Jon: No. Our interviews either have to be really funny or find some humanity in the subject. I didn't do either. He remained guarded throughout, so it struck me as a boring fencing match.
Oprah: When I'm talking with politicians, I can't break that wall.
Jon: Politicians are salespeople. If you're trying to sell a product, what's more powerful than an appearance on Oprah's show? In the last four months, one book overtook America on Amazon. It's called He's Just Not That into You. When I saw that title, I said, "What the hell is that?" Somebody told me, "The author was on Oprah." So politicians see your show as their chance to display their theatrical humanity, not their real humanity. They come on my show to display their theatrical sense of humor—and to show that they're down with the kids.
Oprah: Kerry didn't accomplish that.
Jon: No, he didn't. Because he was—like I was on Crossfire—tired and in a certain mood.
Oprah: Right. So you don't think you'll be doing The Daily Show in 20 years?
Jon: I don't want to be. I love my wife, and we want more kids. I'm not going to disappear, but I don't want to work this hard.
Oprah: What kind of daddy do you want to be?
Jon: The kind who stays. The kind who doesn't say to a 9-year-old kid, "This doesn't mean your mother and I don't love you" as he's heading out the door.
Oprah: What's important to you?
Jon: That. I've achieved far more than I ever thought I would. I'm not complacent, but I don't think long-term. I tell myself, "If I get good at this, it'll be fun to do."
Oprah: Can you taste your success?
Tracey: I can taste it.
Jon: For her, it actually tastes like an online catalog. I just don't think it's in my nature to savor things.

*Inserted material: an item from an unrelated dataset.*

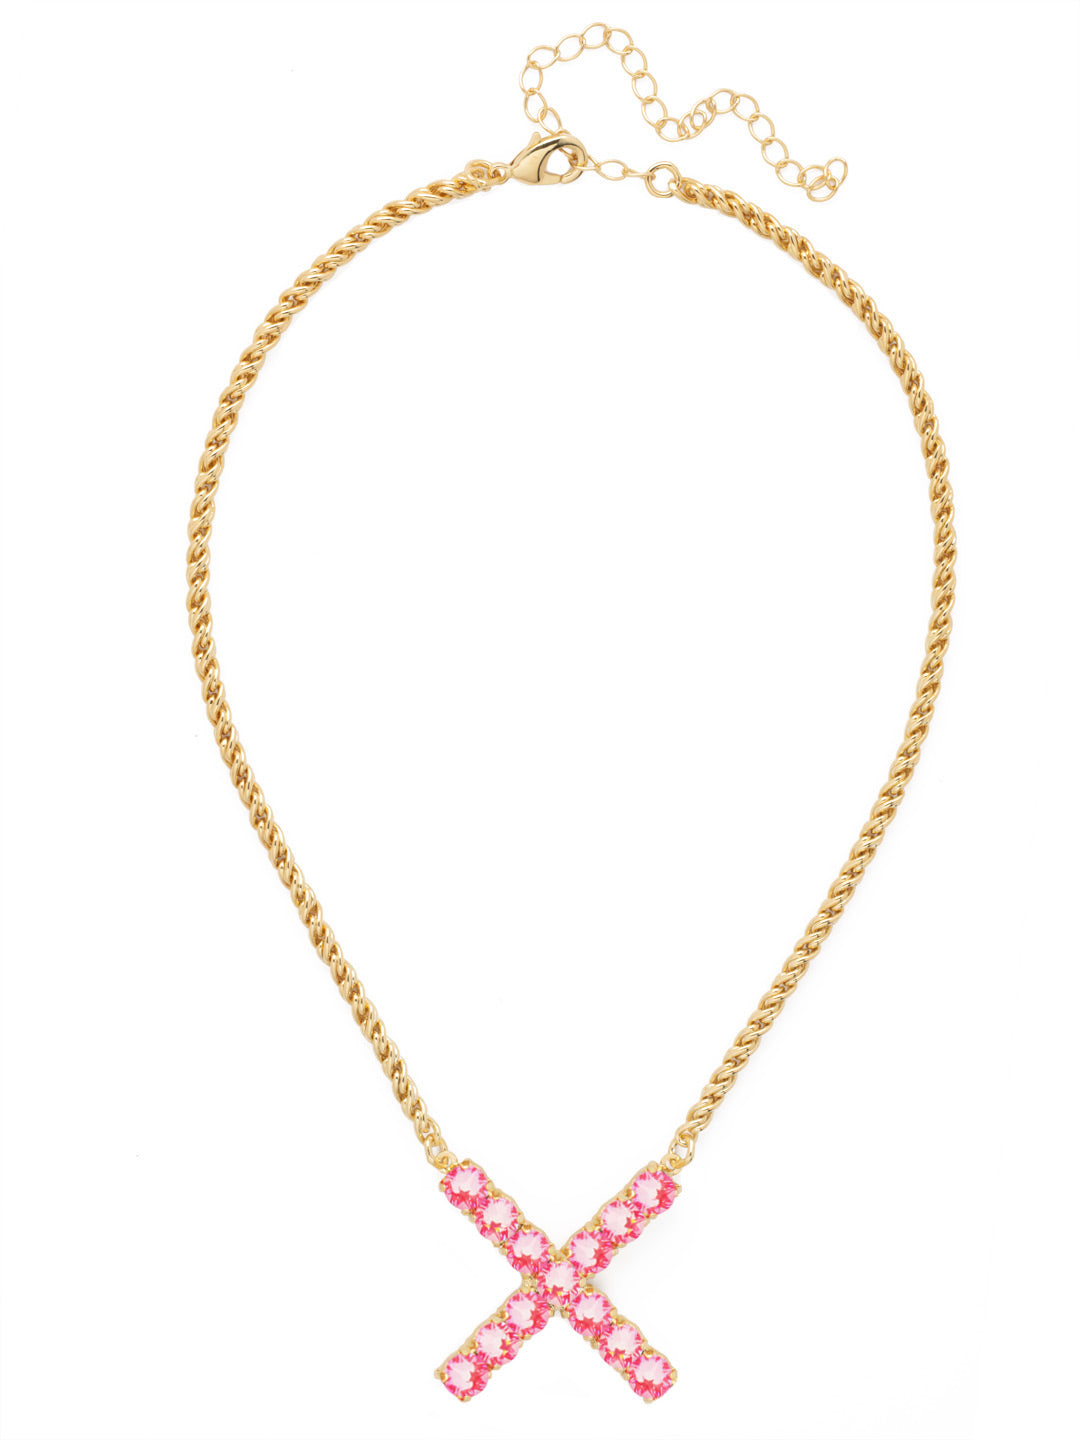 X Initial Rope Pendant Necklace - NFK43BGETP - <p>The Initial Rope Pendant Necklace features a crystal encrusted metal monogram pendant on an adjustable rope chain, secured with a lobster claw clasp. From Sorrelli's Electric Pink collection in our Bright Gold-tone finish.</p>

But I no longer live with a gnarly void, like an angry troll under a bridge.
Oprah: Isn't that what defines a real man?
Jon: That seems genderless to me.
Oprah: It's also what makes a real woman.
Jon: Yes. What I'm proudest of is moving to New York.
Oprah: You left the puppets.
Jon: Yes—and I surprised the crap out of everyone. I might have become a bitter guy at the end of the bar, complaining about how I could've been somebody. But I sold my car and moved up to New York with no job because I wanted something different. I yearned, and I went for it.